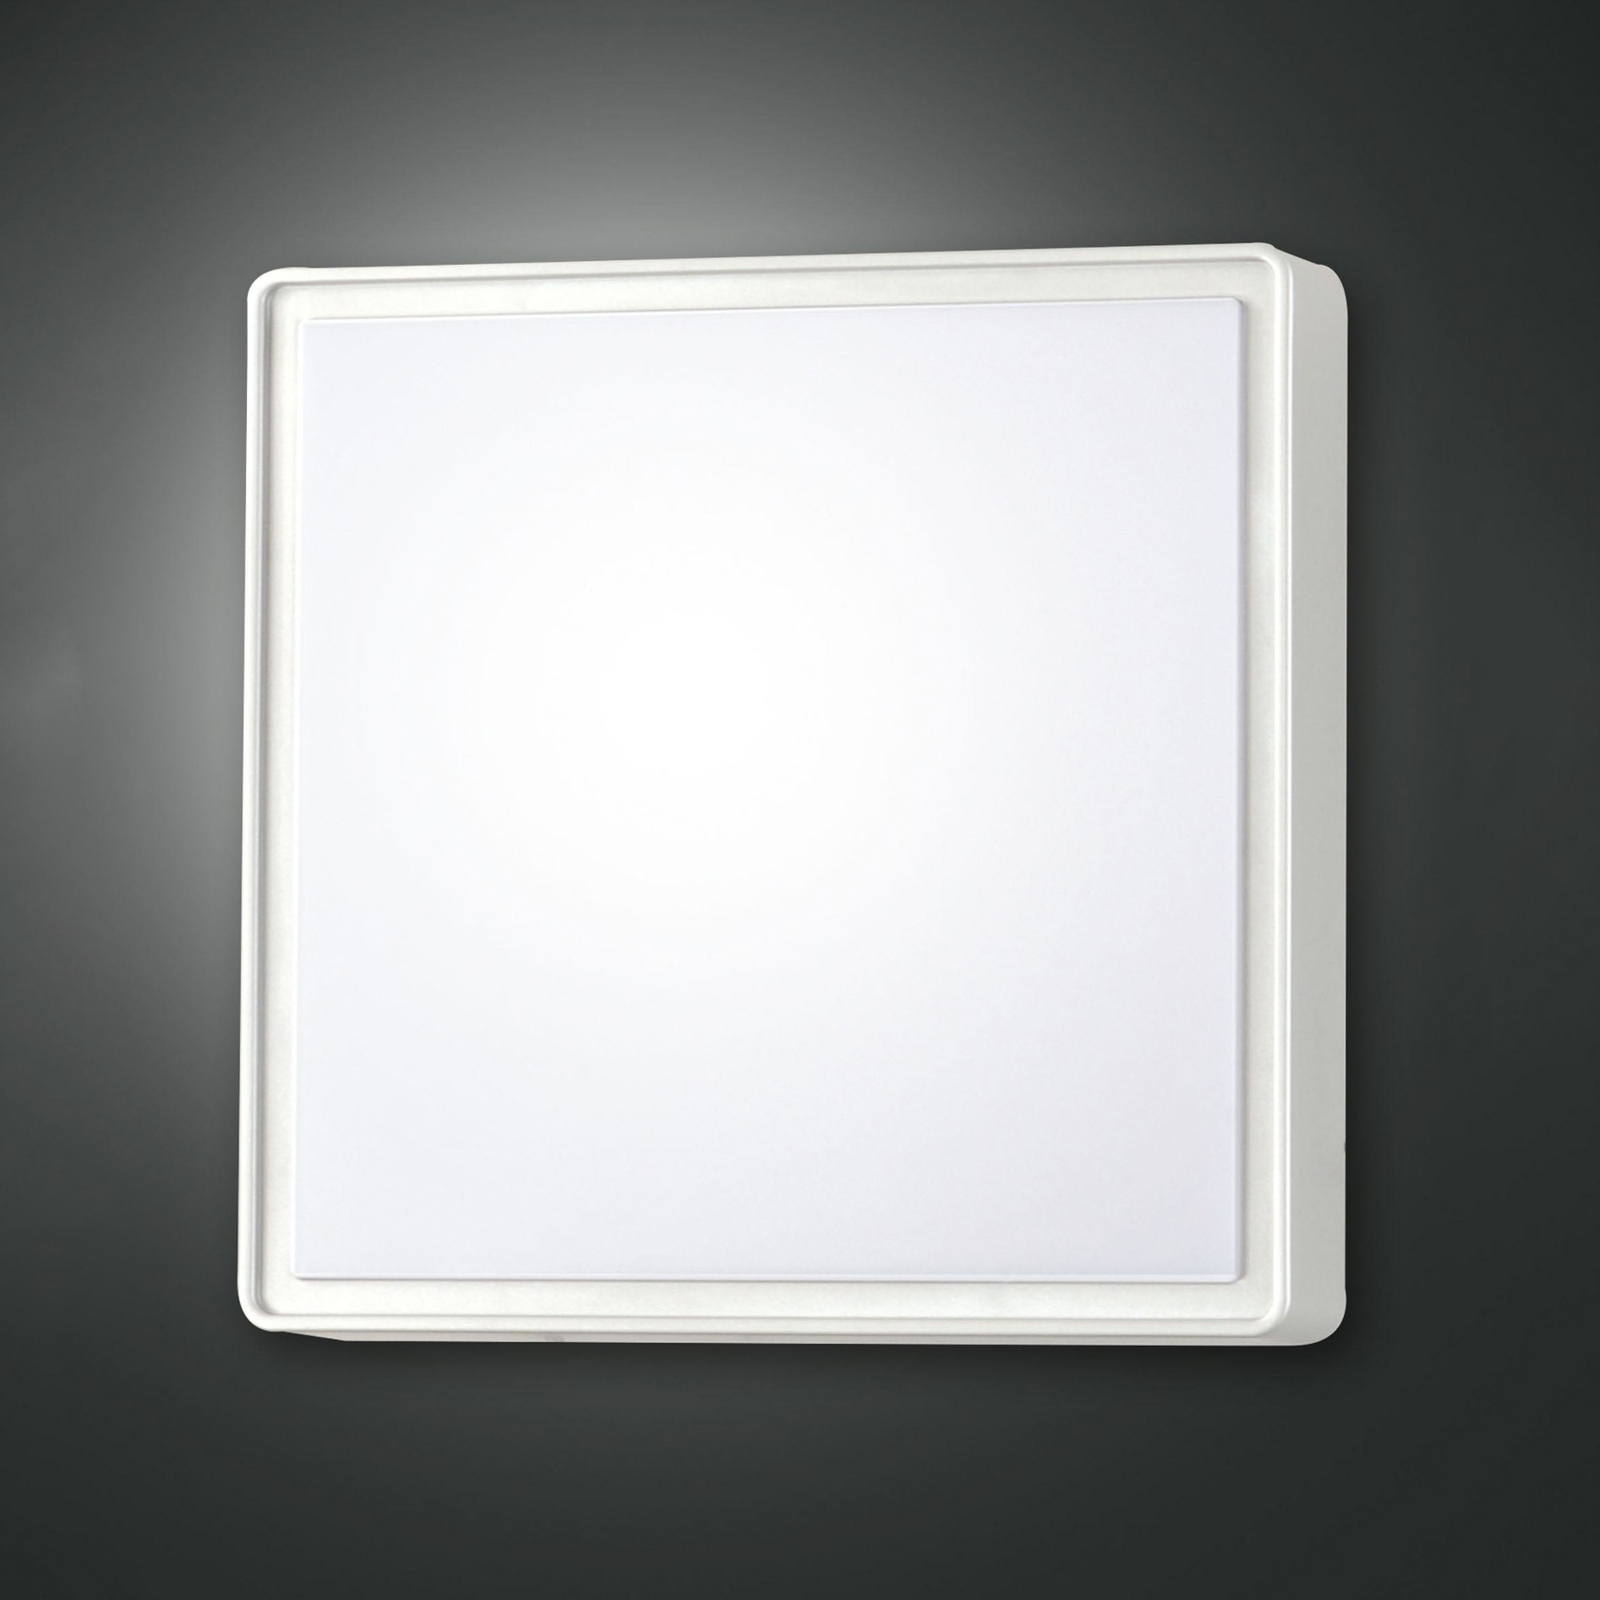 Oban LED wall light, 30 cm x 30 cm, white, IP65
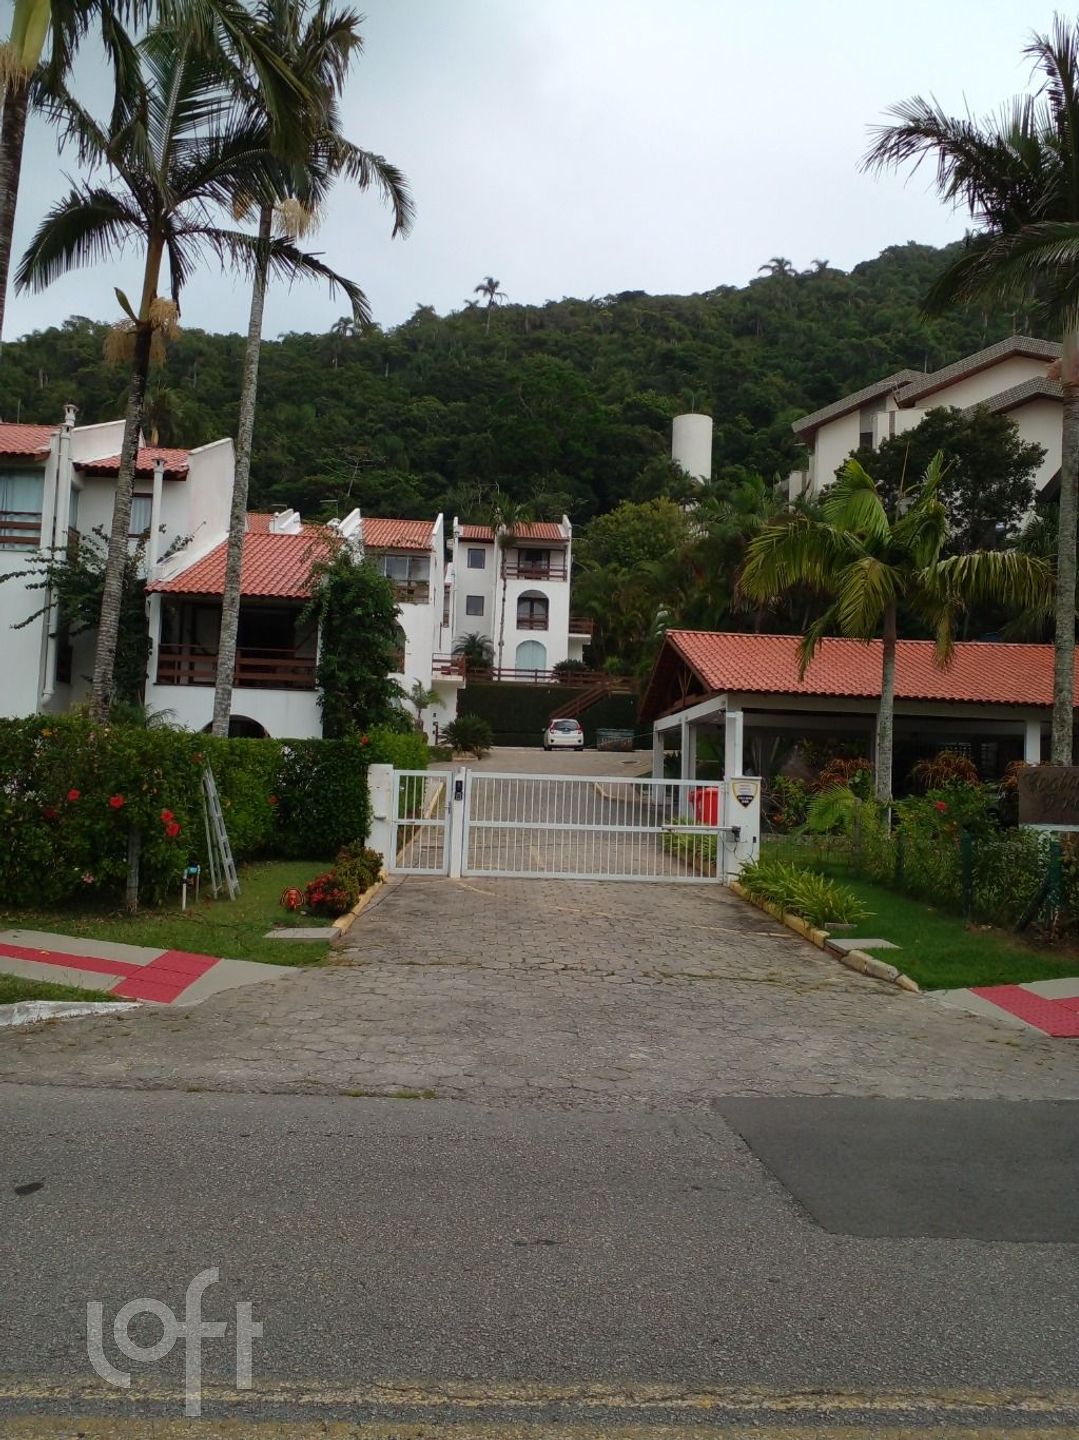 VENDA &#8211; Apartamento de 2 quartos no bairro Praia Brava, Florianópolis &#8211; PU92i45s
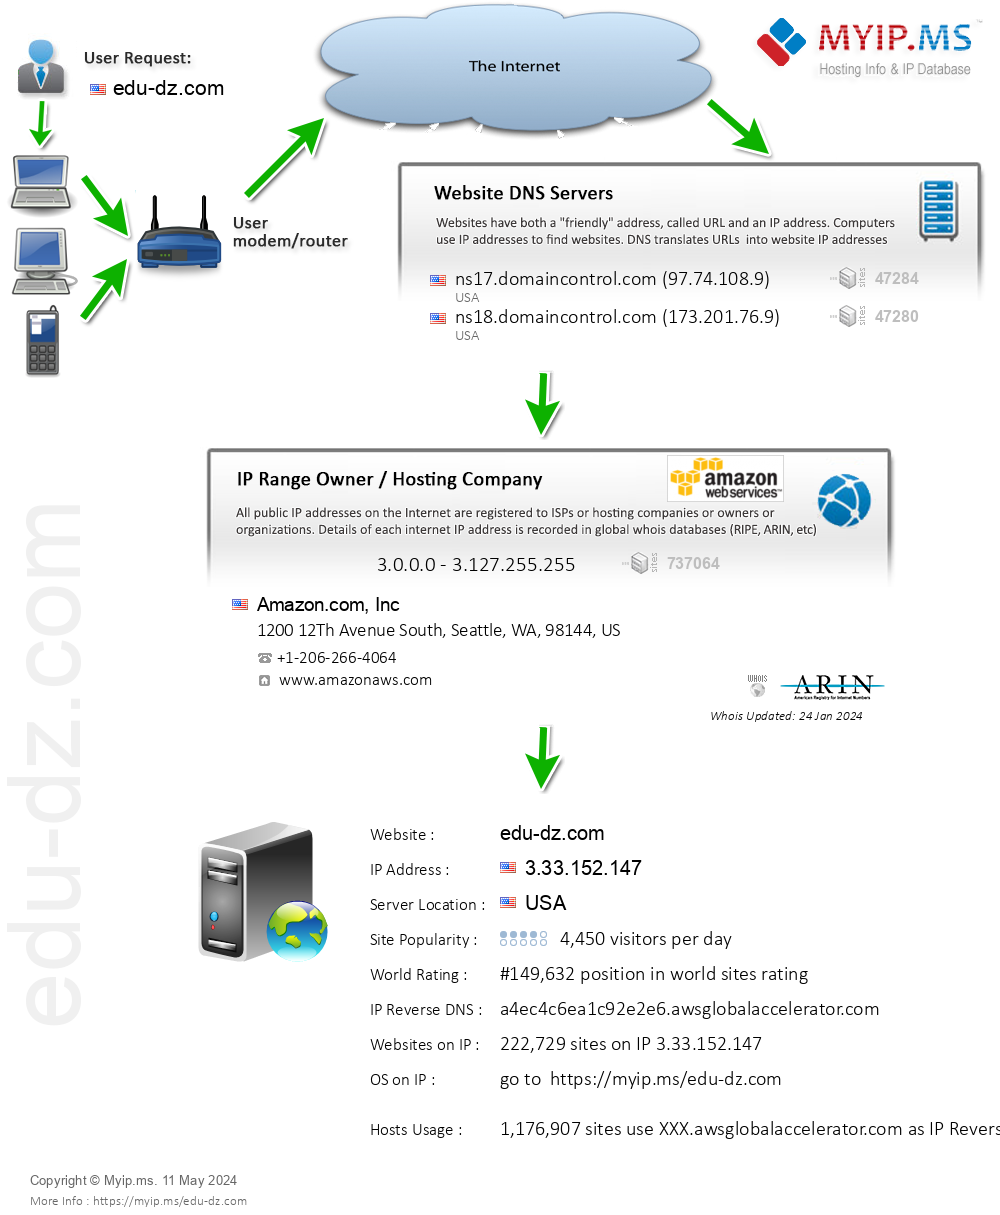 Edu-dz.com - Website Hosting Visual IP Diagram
──────────
> **WHAT TO DO**
Provide the listing above once more, exactly, with the pictures removed.

> **SOLUTION TO THIS TASK**
 Oban LED wall light, 30 cm x 30 cm, white, IP65
 VENDA &#8211; Apartamento de 2 quartos no bairro Praia Brava, Florianópolis &#8211; PU92i45s
 Edu-dz.com - Website Hosting Visual IP Diagram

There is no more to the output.